British coastguard blocks former RNLI boat from rescuing migrants
A former RNLI rescue ship has reportedly been blocked from rescuing migrants in the Mediterranean by British Coastguard officials.
Aurora spent 25 years as an RNLI Trent class lifeboat, before being sold in 2019 to British charity Search and Rescue Relief, which also operates the Banksy-funded rescue ship Louise-Michel.
Aurora, certified as a lifeboat in England, is now deployed within the central Mediterranean and operated by the non-profit rescue organisation Sea-Watch in partnership with Search and Rescue Relief.
According to a press release from Sea-Watch, the 14-metre Aurora is a fast ship with speeds of 25 knots, and can reach positions more quickly than the larger rescue ships.
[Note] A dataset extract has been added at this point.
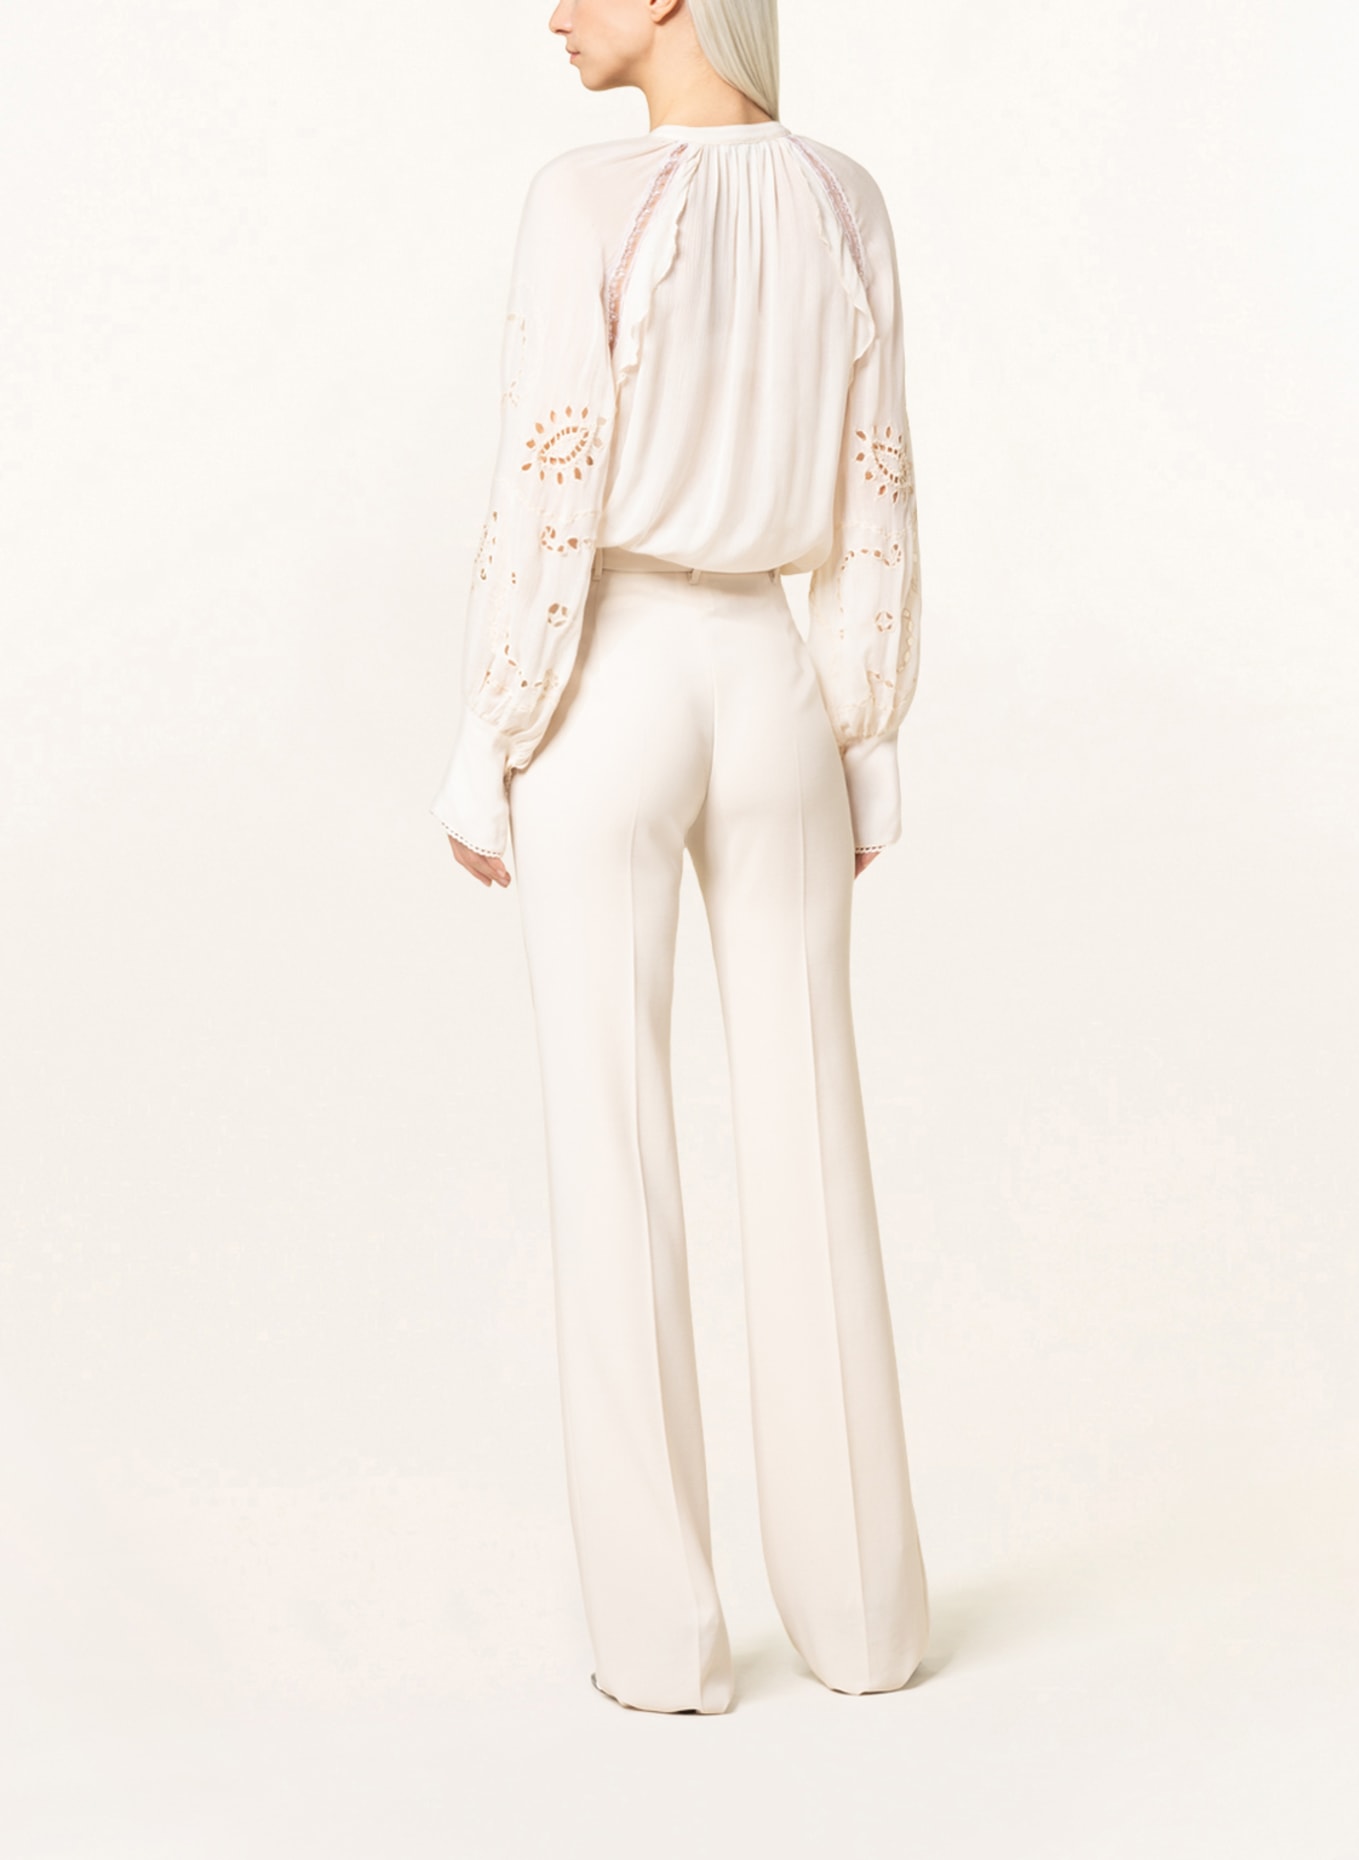 PATRIZIA PEPE Shirt blouse with ruffles and lace, Color: ECRU (Image 3)

After a 1st mission in the #Mediterranean and the rescue of 85 people, flag state United Kingdom detains our new rescue ship #Aurora under dubious reasons – although the ship previously performed its life-saving service for years on behalf of the British Ministry of Transport. pic.twitter.com/UHCz4ca0B8
— Sea-Watch International (@seawatch_intl) June 24, 2022
On 29 May, the vessel rescued 85 migrants from a sinking skiff off the coast of north Africa, during a failed attempt to reach Europe from Libya.
The six-person crew of Aurora took the rescued people to Italy, after receiving permission from Italian authorities.
However, a new investigation published in The i reveals that, two days later, the UK’s MCA (Maritime and Coastguard Agency) sent the charity a notice to prevent Aurora from heading back to sea as it was operating beyond its ‘geographical limitations’ of the UK’s Rescue Boat Code, which Aurora is certified under.
The news comes after the EU agency for Fundamental Rights issued a warning this week (20 June 2022) that humanitarian groups are facing a crackdown by red tape in the Mediterranean. Out of 21 NGO search and rescue boats and planes in the region, only ten are operational amid a suite of legal challenges.
Tracking data for Aurora shows the vessel has been stranded on the Sicilian island of Lampedusa, where the migrants disembarked, for over a month.
According to The i, lawyers for British charity Search and Rescue Relief are now launching a legal arbitration with MCA in an attempt to get the Aurora and its crew, which includes a doctor, back on the water.
MCA has said it acted after Italian authorities raised concerns about the vessel’s certification.
“As its main reason for detaining the rescue vessel, the MCA falsely claims that the scope of the vessel’s certification is limited to the U.K,” Sea-Watch says in a statment. “However, the Rescue Boat Code, under which the ship was certified, does not restrict the use of boats abroad.”
More than 18,000 people have crossed the Mediterranean so far this year, and 840 have died.
“People have drowned while our ship – a lifesaving vessel previously operated for years as a rescue boat on behalf of the UK department of transport – is blocked in port. This politically motivated paralysis enforced upon civil rescue operations contributes to a mounting death toll. More will die as a result of this government’s failure to rescue those seeking refuge,” says Hannah Wallace-Bowman, search & rescue coordinator at Sea-Watch.
“I’m very frustrated and concerned that Aurora is being blocked from continuing to carry out life saving work by the authorities of the country it served for so many years. Aurora SAR was designed and built for a single purpose, to help people in distress. The MCA are choosing to prohibit this, using a geographical restriction that simply does not exist. Aurora had been accepted by the MCA until the point it carried out the first rescue,” says Dickon Mitchell, trustee of Search and Rescue Relief.